Start of Block

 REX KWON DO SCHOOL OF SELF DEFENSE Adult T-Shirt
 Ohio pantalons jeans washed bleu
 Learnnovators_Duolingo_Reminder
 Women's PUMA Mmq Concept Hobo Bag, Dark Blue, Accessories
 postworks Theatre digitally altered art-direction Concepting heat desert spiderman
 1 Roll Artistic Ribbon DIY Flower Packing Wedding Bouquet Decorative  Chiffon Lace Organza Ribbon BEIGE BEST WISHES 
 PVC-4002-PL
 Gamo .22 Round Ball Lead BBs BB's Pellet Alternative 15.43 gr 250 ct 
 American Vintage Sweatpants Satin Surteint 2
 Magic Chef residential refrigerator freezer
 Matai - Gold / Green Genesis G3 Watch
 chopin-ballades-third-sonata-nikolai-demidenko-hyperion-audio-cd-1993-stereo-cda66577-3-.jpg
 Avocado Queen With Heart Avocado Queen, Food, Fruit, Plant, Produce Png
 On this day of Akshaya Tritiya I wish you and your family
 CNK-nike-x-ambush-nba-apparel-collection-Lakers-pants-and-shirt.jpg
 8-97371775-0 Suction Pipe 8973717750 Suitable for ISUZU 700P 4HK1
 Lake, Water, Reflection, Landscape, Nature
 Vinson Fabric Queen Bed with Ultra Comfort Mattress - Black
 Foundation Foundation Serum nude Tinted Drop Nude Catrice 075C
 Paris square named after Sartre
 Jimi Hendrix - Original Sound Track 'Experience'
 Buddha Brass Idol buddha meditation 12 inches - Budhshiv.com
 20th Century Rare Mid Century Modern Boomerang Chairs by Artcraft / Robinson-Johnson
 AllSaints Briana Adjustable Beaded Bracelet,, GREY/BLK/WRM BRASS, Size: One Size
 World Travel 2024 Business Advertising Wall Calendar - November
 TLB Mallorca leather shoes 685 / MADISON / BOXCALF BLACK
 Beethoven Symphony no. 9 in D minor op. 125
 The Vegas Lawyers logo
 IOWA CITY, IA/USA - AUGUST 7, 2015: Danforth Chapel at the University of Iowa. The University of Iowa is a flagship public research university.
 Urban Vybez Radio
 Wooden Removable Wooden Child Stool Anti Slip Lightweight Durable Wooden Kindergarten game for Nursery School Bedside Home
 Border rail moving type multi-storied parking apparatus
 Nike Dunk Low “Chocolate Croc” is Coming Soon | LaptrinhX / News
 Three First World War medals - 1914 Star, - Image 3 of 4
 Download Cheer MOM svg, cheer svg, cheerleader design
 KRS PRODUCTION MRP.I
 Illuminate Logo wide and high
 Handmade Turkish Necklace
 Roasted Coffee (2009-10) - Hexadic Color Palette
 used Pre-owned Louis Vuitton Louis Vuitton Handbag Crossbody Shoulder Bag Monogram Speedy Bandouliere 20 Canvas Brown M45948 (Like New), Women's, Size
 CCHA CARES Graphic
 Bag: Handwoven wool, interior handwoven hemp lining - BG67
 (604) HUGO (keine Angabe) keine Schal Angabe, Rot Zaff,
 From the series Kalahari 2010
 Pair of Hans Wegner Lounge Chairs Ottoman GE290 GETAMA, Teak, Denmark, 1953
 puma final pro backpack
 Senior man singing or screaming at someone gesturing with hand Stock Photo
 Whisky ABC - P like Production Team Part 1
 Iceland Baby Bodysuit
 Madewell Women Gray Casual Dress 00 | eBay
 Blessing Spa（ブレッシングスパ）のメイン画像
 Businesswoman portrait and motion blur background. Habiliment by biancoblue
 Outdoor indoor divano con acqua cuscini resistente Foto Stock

End of Block

Search the material above for lines containing the string "Size", then pull them out.

• _Solution to this exercise_:
 AllSaints Briana Adjustable Beaded Bracelet,, GREY/BLK/WRM BRASS, Size: One Size
 used Pre-owned Louis Vuitton Louis Vuitton Handbag Crossbody Shoulder Bag Monogram Speedy Bandouliere 20 Canvas Brown M45948 (Like New), Women's, Size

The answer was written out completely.